I have tried testing v2.3.2 and seeing some more vulnerabilities. Adding the actual output of the build

[DEBUG] Writing tracking file /builds/fts-apimanagement/new-gitlab-runner-testing-apigeex-proxy/.m2/repository/javax/xml/bind/jaxb-api/2.0/jaxb-api-2.0.jar.lastUpdated [INFO] ------------------------------------------------------------------------ [INFO] BUILD FAILURE [INFO] ------------------------------------------------------------------------ [INFO] Total time: 01:20 min [INFO] Finished at: 2022-09-16T18:40:56Z [INFO] ------------------------------------------------------------------------ [ERROR] Failed to execute goal io.apigee.build-tools.enterprise4g:apigee-edge-maven-plugin:2.3.2:configure (configure-bundle) on project apigeex-proxy-nexus-prod-testing: Execution configure-bundle of goal io.apigee.build-tools.enterprise4g:apigee-edge-maven-plugin:2.3.2:configure failed: Plugin io.apigee.build-tools.enterprise4g:apigee-edge-maven-plugin:2.3.2 or one of its dependencies could not be resolved: The following artifacts could not be resolved: org.codehaus.woodstox:wstx-asl:jar:3.2.1, org.apache.ws.commons.axiom:axiom-impl:jar:1.2.5, org.apache.ws.commons.axiom:axiom-dom:jar:1.2.5, javax.mail:mail:jar:1.4, commons-io:commons-io:jar:1.2, org.apache.axis2:axis2-metadata:jar:1.3, org.apache.axis2:axis2-jws-api:jar:1.3, org.apache.ant:ant:jar:1.7.0, org.apache.ant:ant-launcher:jar:1.7.0, org.apache.axis2:axis2-jaxws-api:jar:1.3, org.apache.axis2:axis2-saaj-api:jar:1.3, org.apache.geronimo.specs:geronimo-javamail_1.4_spec:jar:1.0-M1, org.apache.geronimo.specs:geronimo-activation_1.1_spec:jar:1.0-M1, org.apache.axis2:axis2-saaj:jar:1.3, com.sun.xml.bind:jaxb-impl:jar:2.0.5, javax.xml.bind:jsr173_api:jar:1.0, com.sun.xml.bind:jaxb-xjc:jar:2.0.5, javax.xml.bind:jaxb-api:jar:2.0, com.fasterxml.jackson.core:jackson-databind:jar:2.8.4, com.google.auth:google-auth-library-oauth2-http:jar:0.18.0, com.google.auto.value:auto-value-annotations:jar:1.6.6, com.google.auth:google-auth-library-credentials:jar:0.18.0: Could not transfer artifact org.codehaus.woodstox:wstx-asl:jar:3.2.1 from/to maven-central (https://nexus.onefiserv.net/repository/Maven_Central/): authorization failed for https://nexus.onefiserv.net/repository/Maven_Central/org/codehaus/woodstox/wstx-asl/3.2.1/wstx-asl-3.2.1.jar, status: 403 -------------------->>> REQUESTED ITEM IS QUARANTINED -------------------->>> FOR DETAILS SEE ------>>> https://lifecycle.1dc.com/ui/links/repositories/quarantinedComponent/MWU4ZGY3NmQwY2I1NGE1YWFlMjY3ZTg0NWM1OGVhZjg <<<------ -> [Help 1]

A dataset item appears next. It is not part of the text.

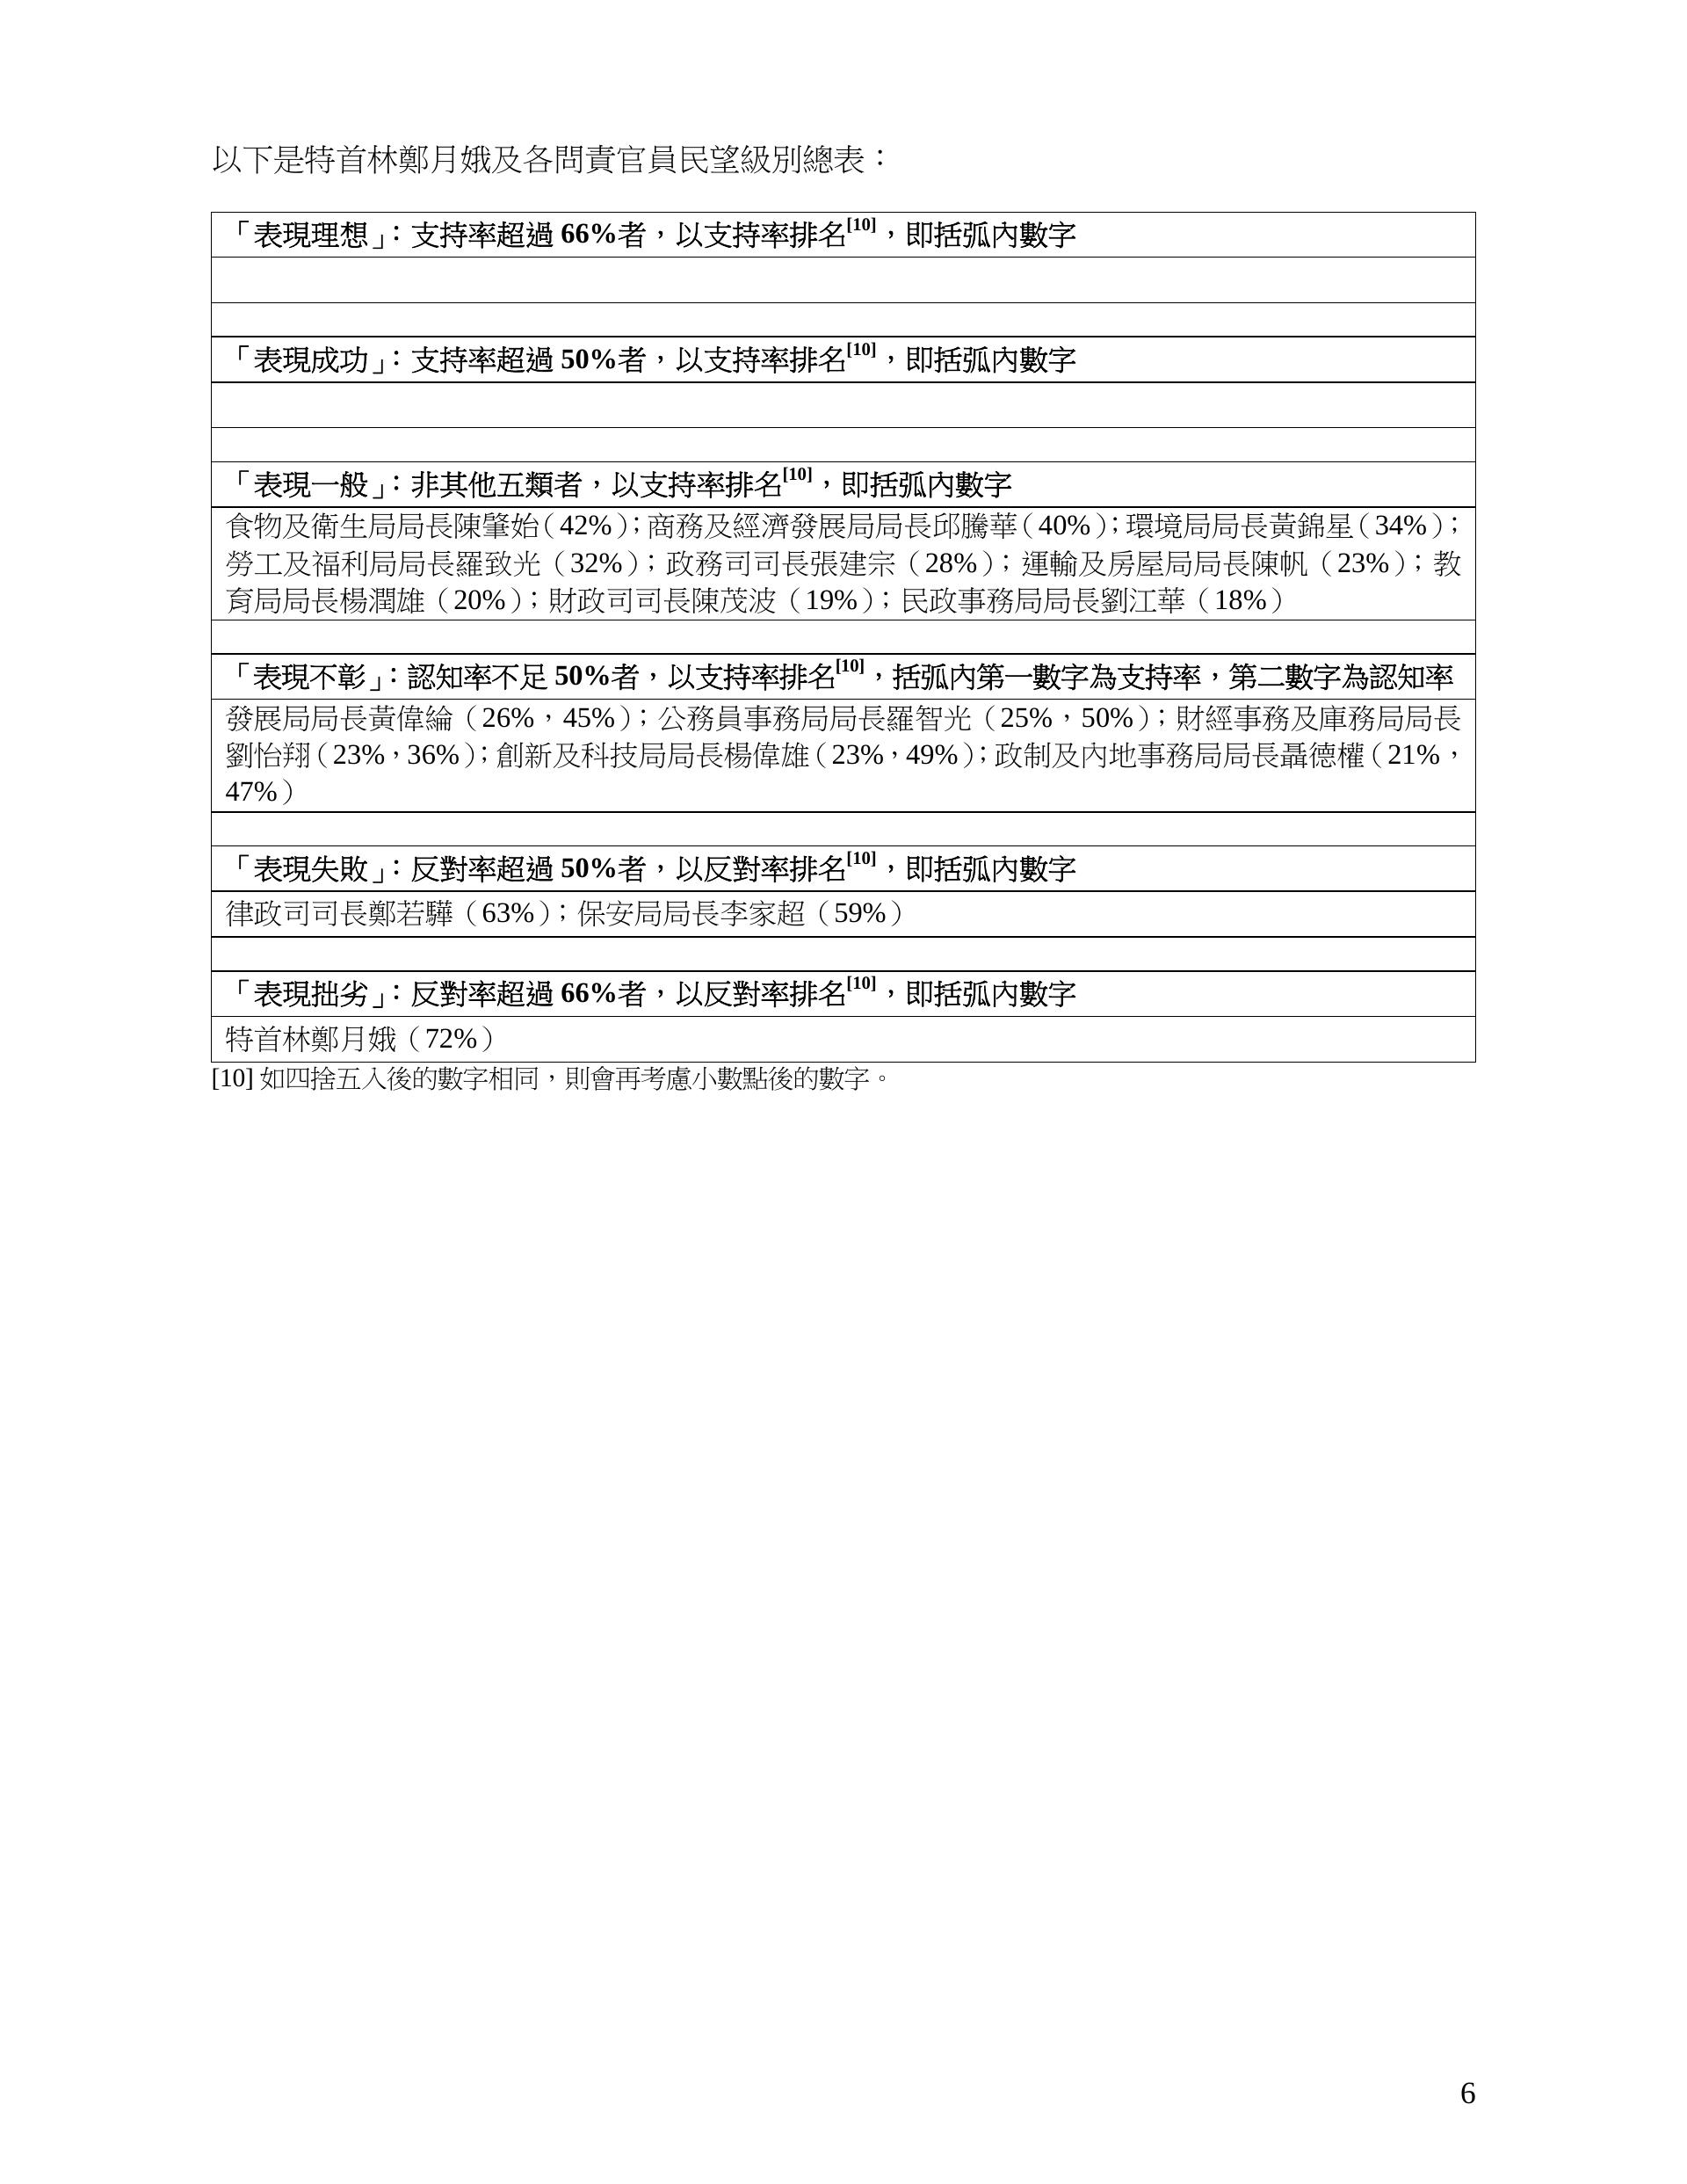 PDFtoJPG.me-06.jpg

Seems like this is one of the dependencies org.apache.axis2:axis2-metadata:jar:1.3 has new version as V1.8.2 https://mvnrepository.com/artifact/org.apache.axis2/axis2-metadata without any security vulnerabilities. I am checking every transitive dependency as well and will be posting here as follow up comments.

[ssvaidyanathan]

Please check your security report and share that. Having to fix one after the other is not going to be feasible. I fixed it as it was marked as Critical. If there are other "high", I can look into them later.

[smita0502]

IQ Server - Quarantined Component Report.pdf Can you please check if you can access the attachment for security report.

[smita0502]

IQ Server - Vulnerability Lookup.pdf

[ssvaidyanathan]

Is that the only vulnerability that needs to be fixed?

[smita0502]

Smitas-MacBook-Pro:apigee-deploy-maven-plugin-apigee-edge-maven-plugin-2.3.2 smitarani$ mvn -f $HOME/.m2/repository/io/apigee/build-tools/enterprise4g/apigee-edge-maven-plugin/$DEPLOY_VERSION/apigee-edge-maven-plugin-$DEPLOY_VERSION.pom dependency:list | grep wstx [INFO] org.codehaus.woodstox:wstx-asl:jar:3.2.1:compile

[smita0502]

I am seeing only this so far during the build and in Sonatype but can't say for sure if it would be the only vulnerability because I don't know if it runs in sequence.